Dune: The Duke of Caladan
- First edition cover
- Authors: Brian Herbert Kevin J. Anderson
- Language: English
- Series: The Caladan Trilogy
- Genre: Science fiction
- Publisher: Tor Books
- Publication date: October 13, 2020
- Publication place: United States
- Media type: Print (hardcover)
- Pages: 320
- ISBN: 9781250764744
- Preceded by: Dune: House Corrino
- Followed by: Dune: The Lady of Caladan

= Dune: The Duke of Caladan =

2020 science fiction novel

Dune: The Duke of Caladan is a 2020 science fiction novel by Brian Herbert and Kevin J. Anderson, set in the Dune universe created by Frank Herbert. It is the first book in the Caladan Trilogy of prequels. The novel was released on October 13, 2020, by Tor Books, and was followed by Dune: The Lady of Caladan in September 2021. The final novel in the trilogy is Dune: The Heir of Caladan, was released in November 2022.

==Reception==
Publishers Weekly review stated, "Herbert and Anderson's tepid 15th foray into the universe of Herbert's father's Dune novels (after Tales of Dune) adds little to the original series' mix of action, politics, magic, and religion... The passable prose and lackluster plot will limit this one's appeal to diehard fans only." Daniel Matters of Worldly Magazine wrote, "For anyone new to the Dune universe, Dune: The Duke of Caladan is an excellent place to start.
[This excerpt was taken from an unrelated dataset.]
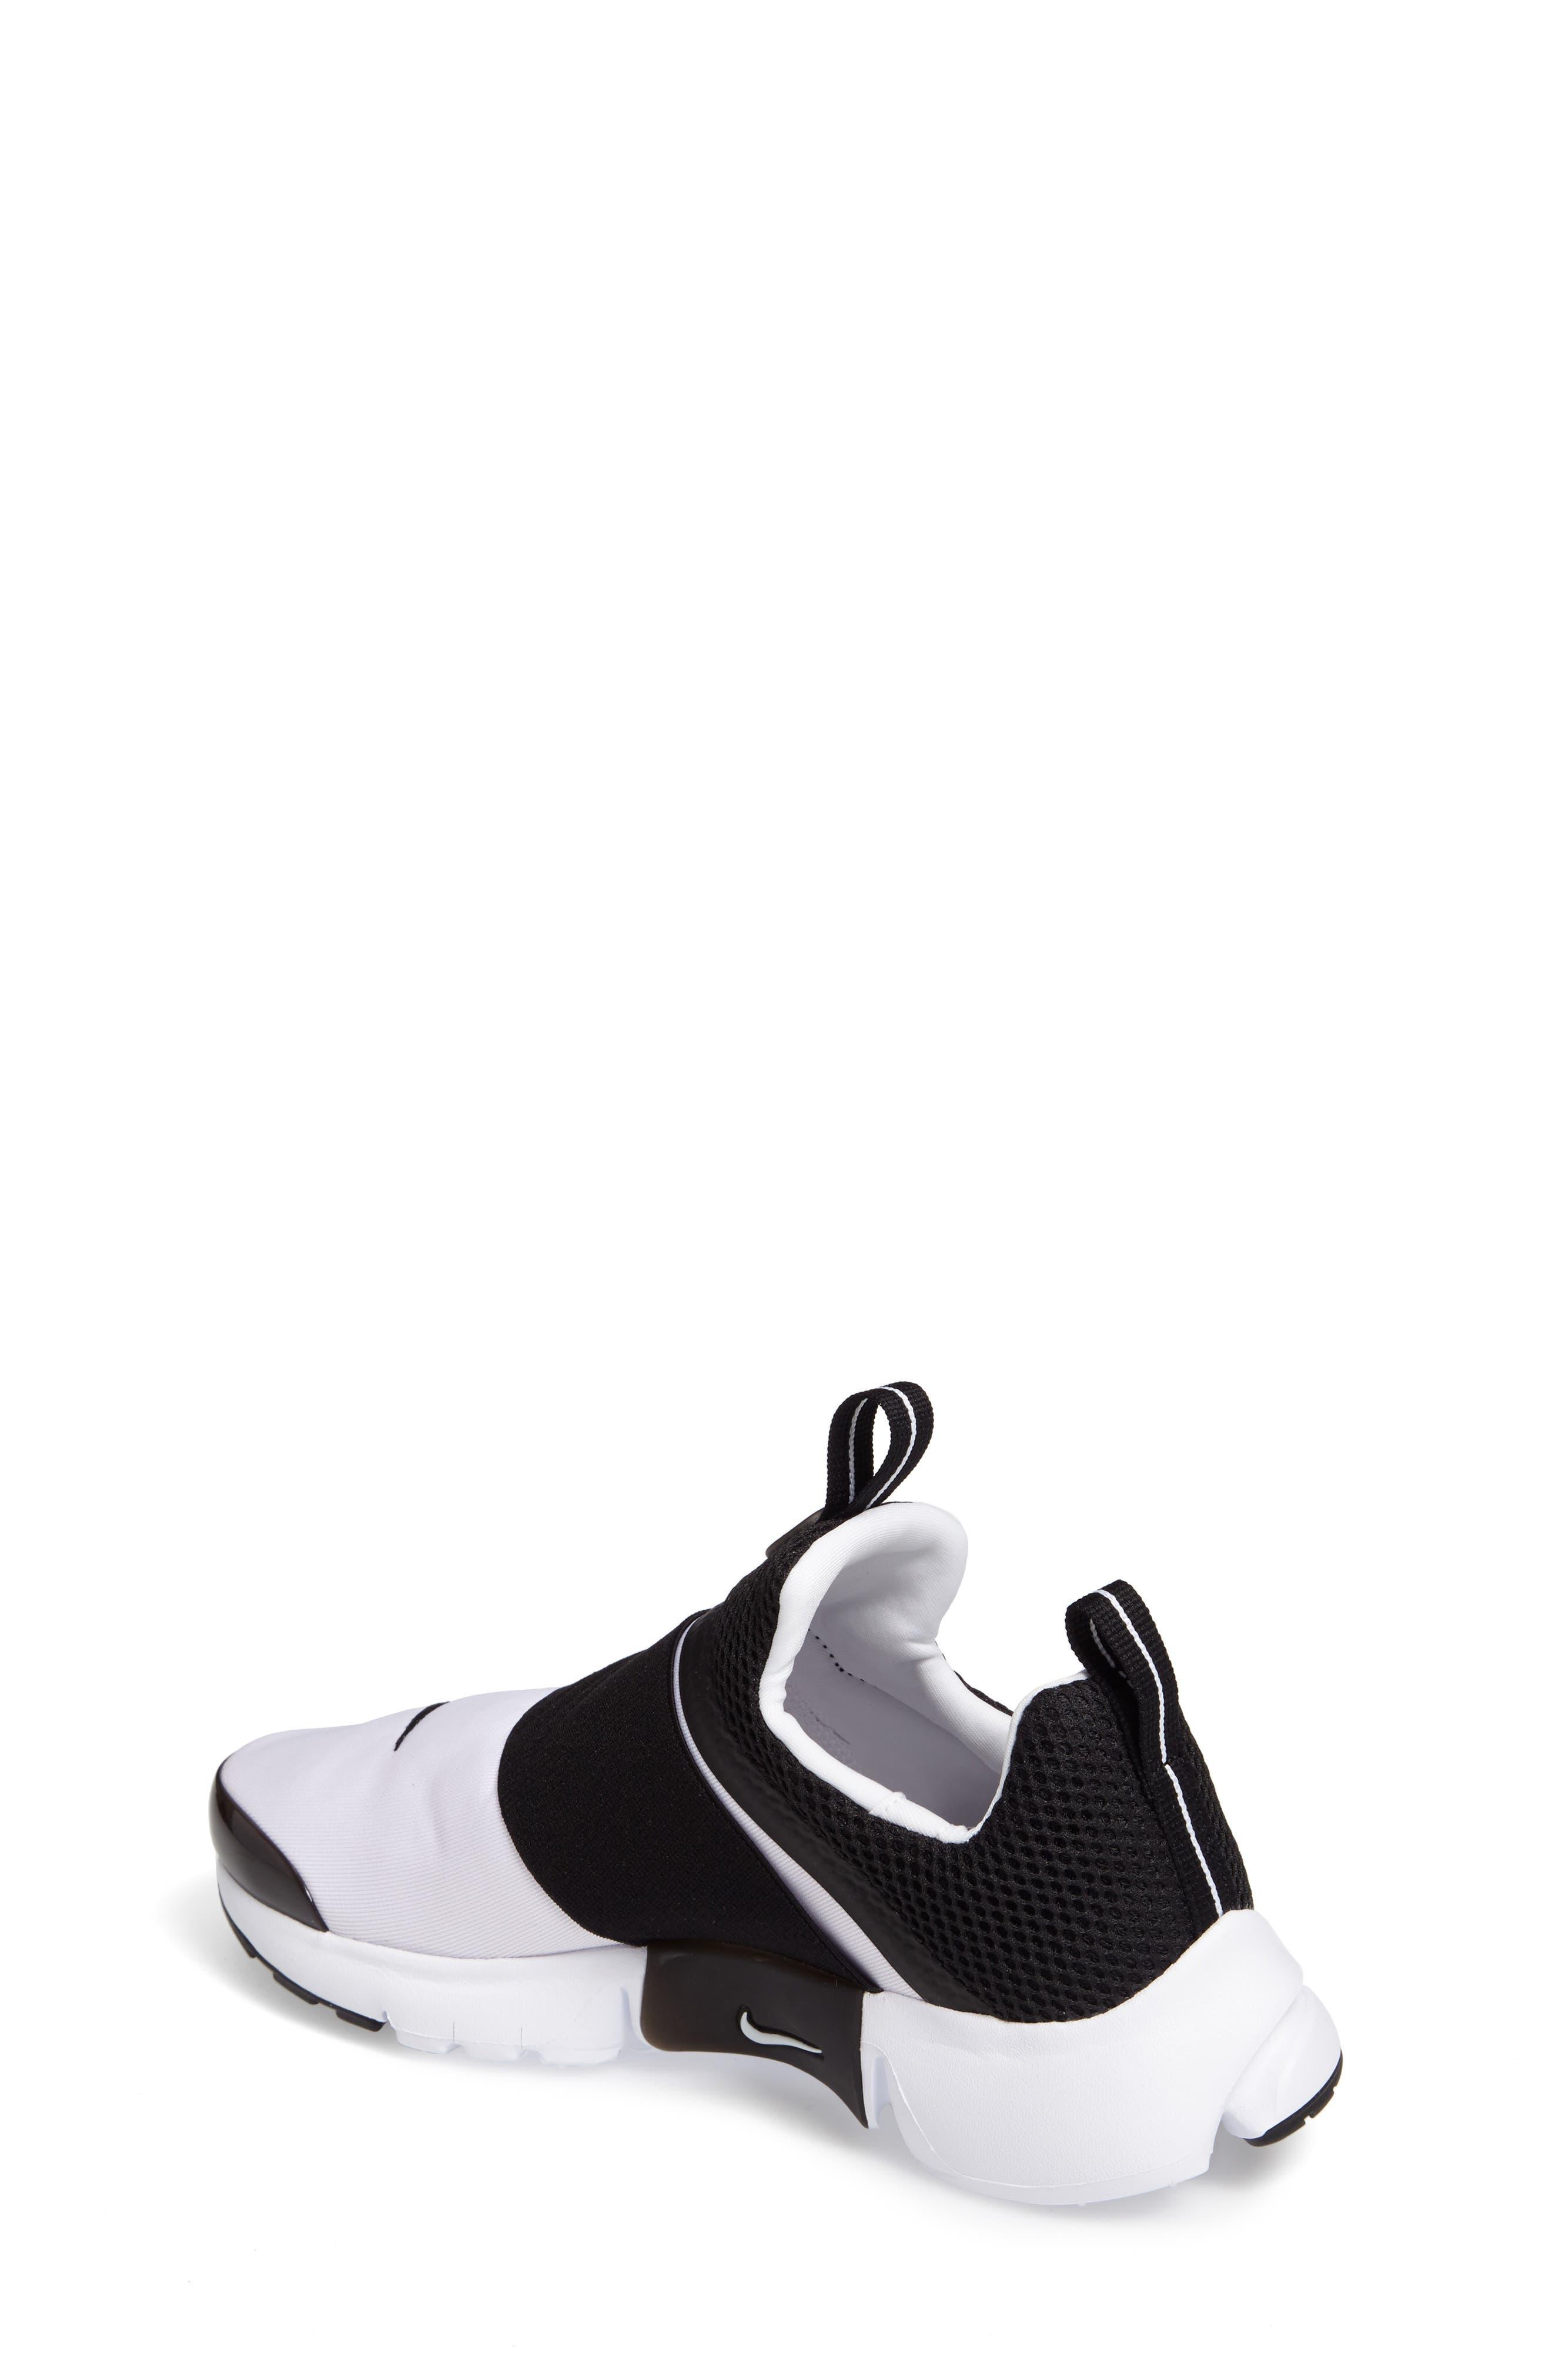 Alternate Image 2  - Nike Presto Extreme Sneaker (Walker, Toddler, Little Kid & Big Kid)

Herbert and Anderson's crisp prose is easy to follow and does just the right amount of world building so that newcomers who have never read any other books in the Dune series are eased into the interconnected politics of the planets within the Imperium, and its many organisations and structures. Older fans will be happy to find that they are not oversaturated by Herbert and Anderson with information they already possess." Kelly Adams of Big Shiny Robot commented, "This is a fast-paced, fun read, and it's sure to help with the pangs of missing out on the film this year. If you have read the other Herbert/Anderson books, this is a wonderful addition to their stories. If your knowledge is limited to Dune, then it's easy to find your footing with these familiar characters and places. And if this is your first step into the Dune universe, it's a great first look into this world. However, the worldbuilding begun by Frank Herbert is vast and may be a bit overwhelming at first."